@Richard's answer clearly establishes that bats were at one time present in the Batcave. If there has been substantial construction work since then, the bats would need to have been relocated; they could not possibly have survived in situ with major renovations going on.
But building a bat house is quite easy and inexpensive (even quite a large bat house should be affordable for BW) and would be a logical precursor to the renovations.
So evidently the reason the bats are no longer visible in the movies is that they've been relocated to a bat-house in a safer and quieter part of the Batcave with less vehicles, visitors, bright lights, etc.

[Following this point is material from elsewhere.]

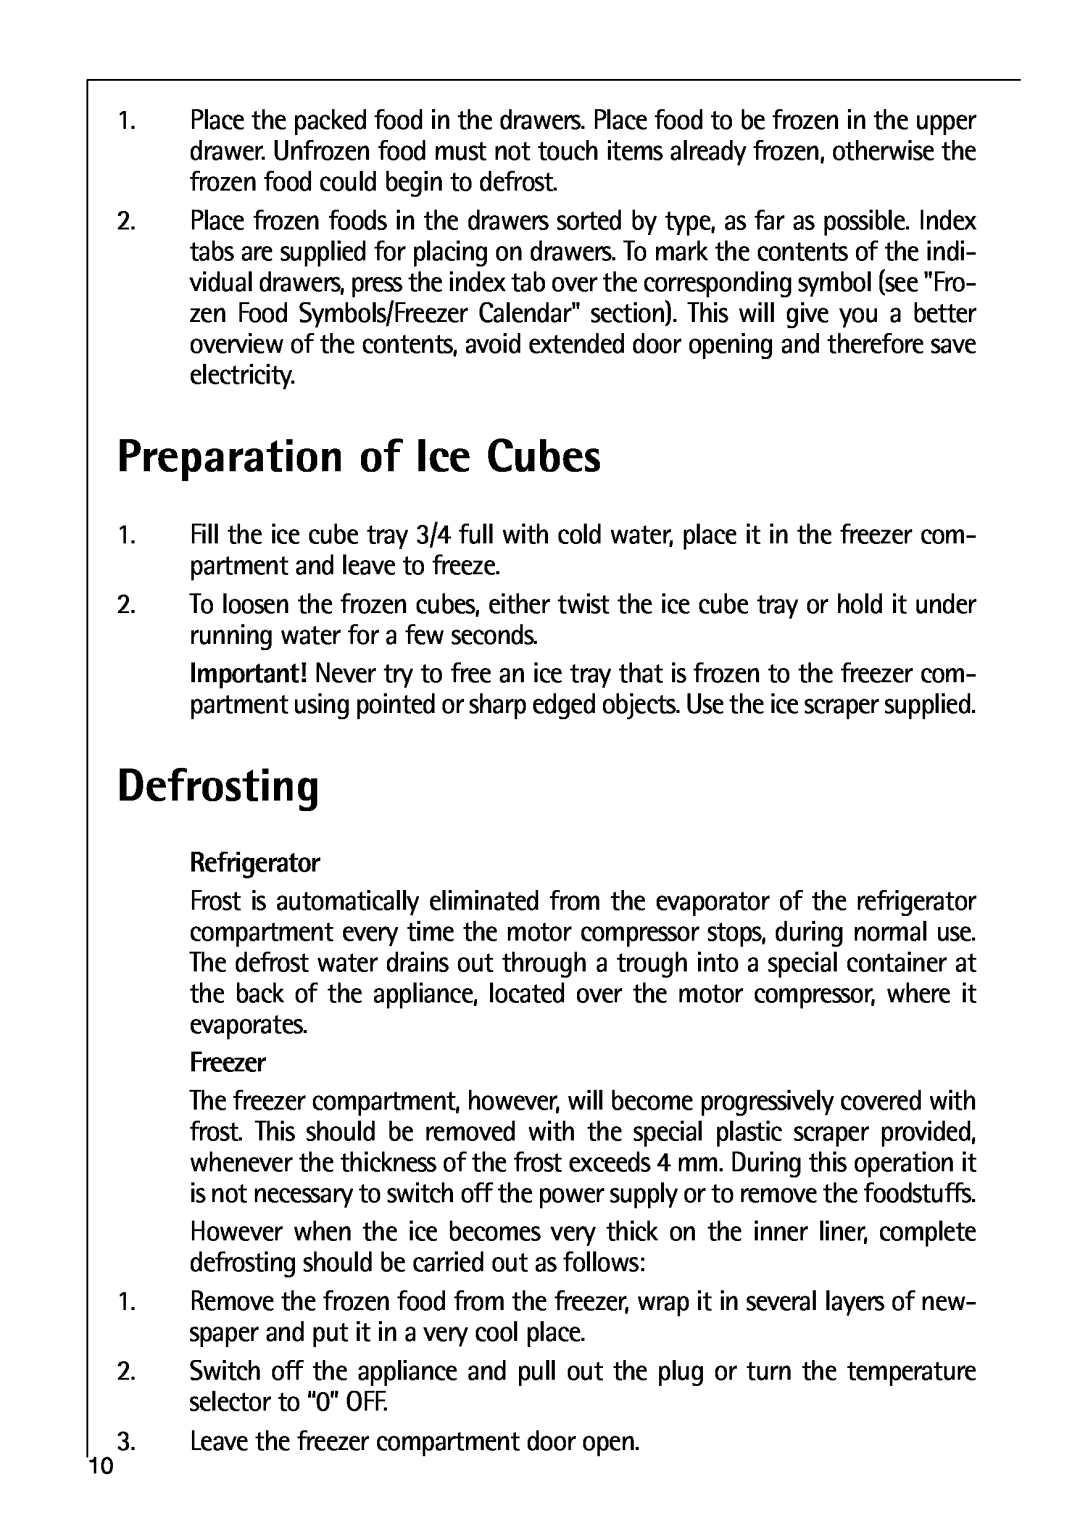 Parkinson Cowan SANTO K 18, SANTO K 9, SANTO K 40-5i user manual Preparation of Ice Cubes, Defrosting, Refrigerator, Freezer

If they do live in a bat-house then it must surely be known as the Bat-bat-house.
Or on a less optimistic note, perhaps they've succumbed to white-nose syndrome, which seems to be endemic in Gotham City:
We have yet to find a cure for the disease known as white-nose syndrome, which has decimated populations of hibernating, cave-dwelling bats in the Northeast. ...
White-nose syndrome (also known as W.N.S.) was first documented in February 2006 in upstate New York, where it may have been carried from Europe to a bat cave on an explorer’s hiking boot. In Europe, bats appear to be immune, likely the outcome of a long evolutionary process. But in North America, bats are highly susceptible to the cold-loving fungus that appears in winter on the muzzle and other body parts during hibernation, irritating them awake at a time when there is no food. They end up burning precious stores of energy and starve to death.
The consequences have been catastrophic. A 2011 study of 42 sites across five Eastern states found that after 2006 the populations of tri-colored and Indiana bats declined by more than 70 percent, and little brown bats by more than 90 percent. The population of the northern long-eared bat, once common, has declined by an estimated 99 percent and prompted a proposal from the United States Fish and Wildlife Service to list it as an endangered species. Other species of hibernating cave-dwelling bats have declined precipitously as well.
Whether these bats will recover or go extinct is unclear.